Selain itu di dalam pamuksan ini terdapat beberapa
tempat penting yang disebut dengan loka. Yang terdiri dari loka busana, loka
makuta, dan loka muksa. Loka busana berarti tempat dimana Prabu Aji Joyoboyo
meletakkan busananya, loka makuta berarti tempat beliau meletakkan mahkotanya, loka
muksa berarti tempat beliau muksa, dan Sendang Tirto Kamandanu adalah tempat Prabu
Aji Joyoboyo mandi atau bersuci sebelum muksa.
Meskipun Pameksan Prabu Aji Joyoboyo dan Sendang Tirto
Kamandanu merupakan dua tempat yang terpisah, namun keduanya merupakan satu
kesatuan. Hal ini dibuktikan karena hingga saat ini kedua tempat ini dijadikan
sebagai tempat melaksanakan ritual besar tahunan pada tanggal 1 Suro dalam
Bahasa Jawa atau tanggal 1 Muharram dalam kalender Hijriyah. Upacara ritual suroan
ini sudah dimulai sejak tahun 1972-an jauh sebelum tempat ini dipugar. Dahulu,
tempat ini merupakan sebuah tempat yang dianggap keramat oleh masyarakat.
Hingga akhirnya beberapa tahun setelahnya kedua tempat ini dipugar oleh Yayasan
Hondodento Yogyakarta.
Upacara ritual ini diadakan untuk menghormati Prabu
Aji Jayabaya dan mengenang napak tilasnya, sekaligus menjadi agenda wisata
budaya rutinan setiap tahun. Upacara ini diikuti oleh seluruh warga desa Menang
khususnya yang telah dipilih menjadi pelaku upacara oleh panitia. Selain itu,
setiap tahun pihak Yayasan hondodento Yogyakarta selalu hadir dalam ritual
suroan ini serta banyak pengunjung dari berbagai kota lain.
Rangkaian acara ritual suroan ini dimulai dengan doa
bersama yang digelar di balai desa Menang. Kemudian dilanjutkan dengan upacara
adat yaitu prosesi kirab atau iring-iringan menuju pameksan Prabu Aji Joyoboyo.
Dalam melaksanakan kirab budaya ini, semua warga menggunakan pakaian adat Jawa
yang menggambarkan Kerajaan Kediri dahulu kala yang terdiri dari para sesepuh,
pembawa payung pusaka, pembawa bunga, dan warga sekitar.
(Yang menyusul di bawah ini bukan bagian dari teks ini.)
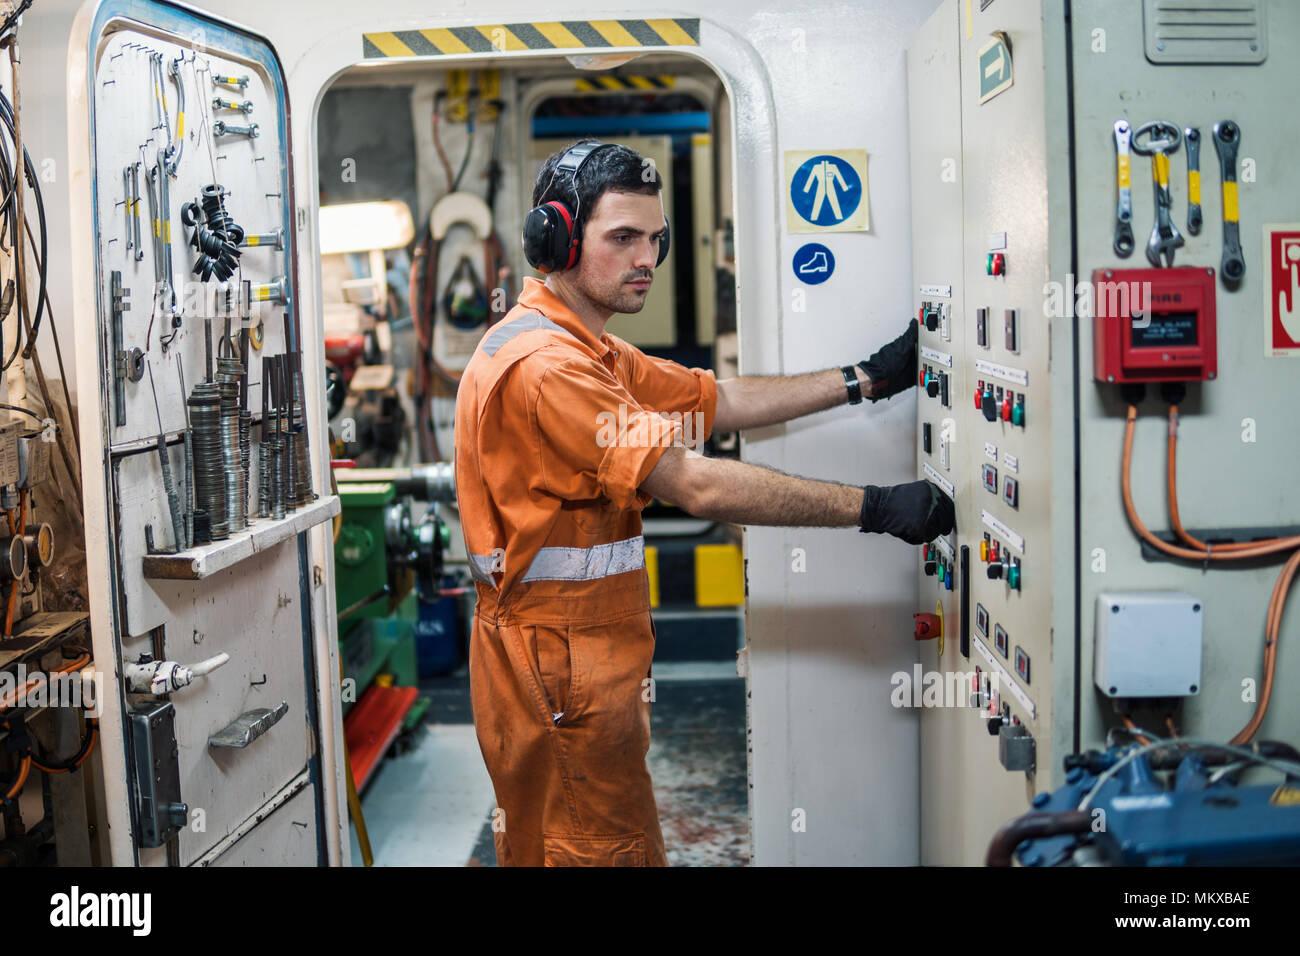 Ingegnere Marine officer recipiente di controllo motori motore in sala di controllo RACC. Immagini Stock
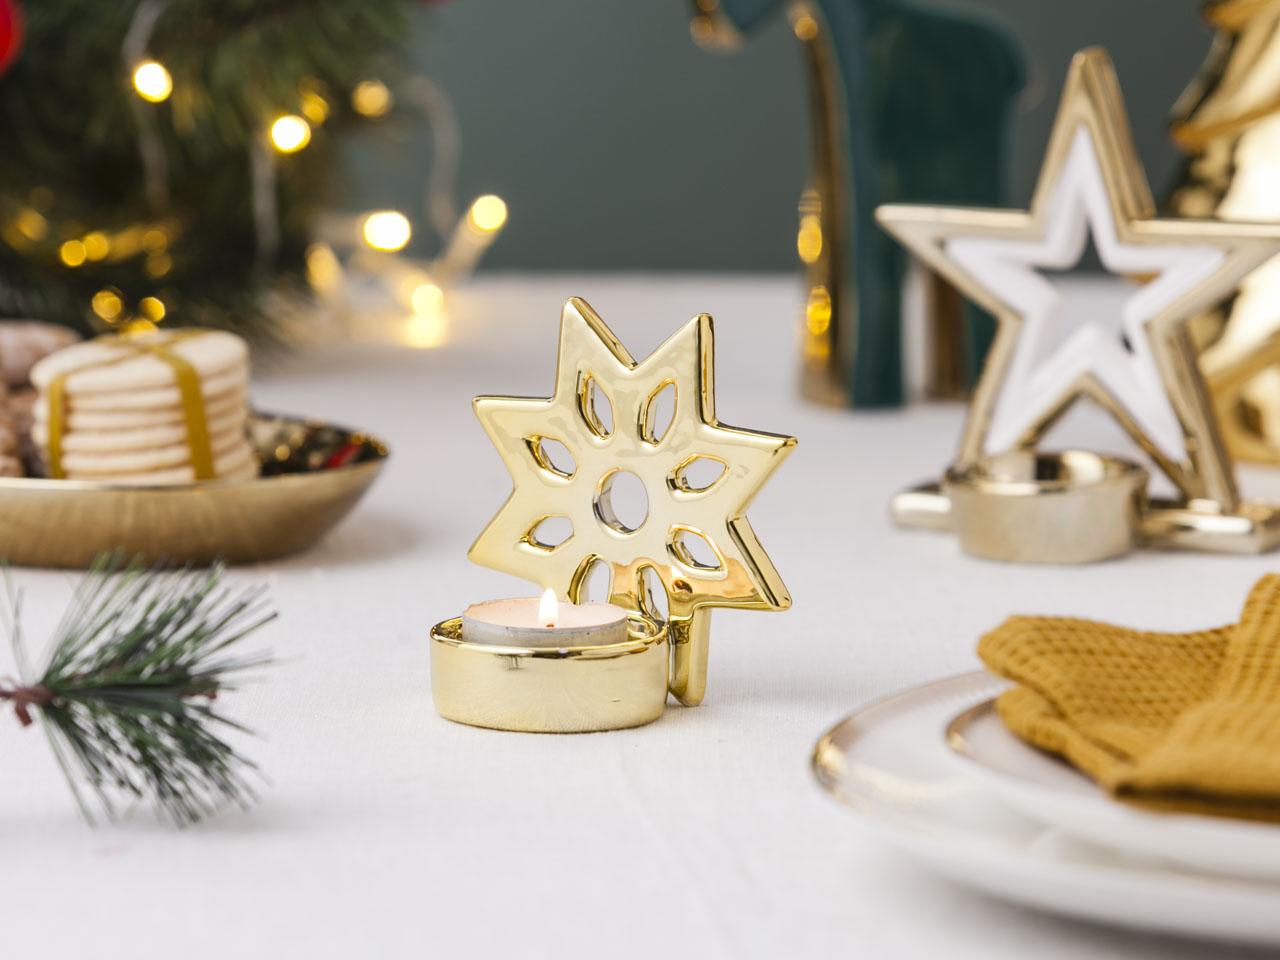 Świecznik / dekoracja świąteczna Boże Narodzenie Altom Design śnieżynka 9,5x6 cm

Prosesi utama dilaksanakan di pameksan yaitu prosesi
tabur bunga dan penyemayaman pusaka Prabu Aji Joyoboyo dan dilanjutkan doa yang
dipimpin oleh sesepuh. Segala prosesi upacara ritual 1 Suro ini diakhiri di
Sendang Tirto Kamandanu yang dipercaya dapat membuang sial dan seluruh pengaruh
jahat.
Selain itu Peran dari pemerintah desa dalam upacara
ritual suroan ini sangat besar, yaitu membentuk kepengurusan ritual suroan,
yang nantinya akan membentuk struktur kepanitian yang bertugas mempersiapkan
seluruh kebutuhan acara 4 bulan jauh sebelum hari H. selain itu, pemerintah
desa juga memberi bantuan pendanaan, menyediakan berbagai fasilitas untuk
berlatih, inventaris dan peralatan ritual, serta berbagai macam keperluan melaksanakan
upacara. Dan yang terpenting pemerintah desa juga bekerjasama dengan dinas
pariwisata kabupaten untuk mendukung semua hal yang berkaitan dengan pelestarian
adat budaya dari leluhur ini.
Hingga saat ini, upacara ritual 1 suro ini masih terus
dilestarikan oleh masyarakat setempat sebagai warisan budaya lokal. Tidak hanya
itu, mereka juga mengajak anak-anak sejak kecil untuk nyantrek/mengikuti dan mengamati
proses upacara adat ini dengan harapan kelak Ketika mereka sudah dewasa jiwanya
akan terpanggil sendiri untuk meneruskan adat istiadat dan budaya yang telah diwariskan
oleh para leluhur terdahulu.
Sudah menjadi tugas kita sebagai generasi selanjutnya untuk
menjaga adat istiadat dan budaya turun temurun bangsa kita yang sangat beragam
ini terlepas dari apapun keyakinannya.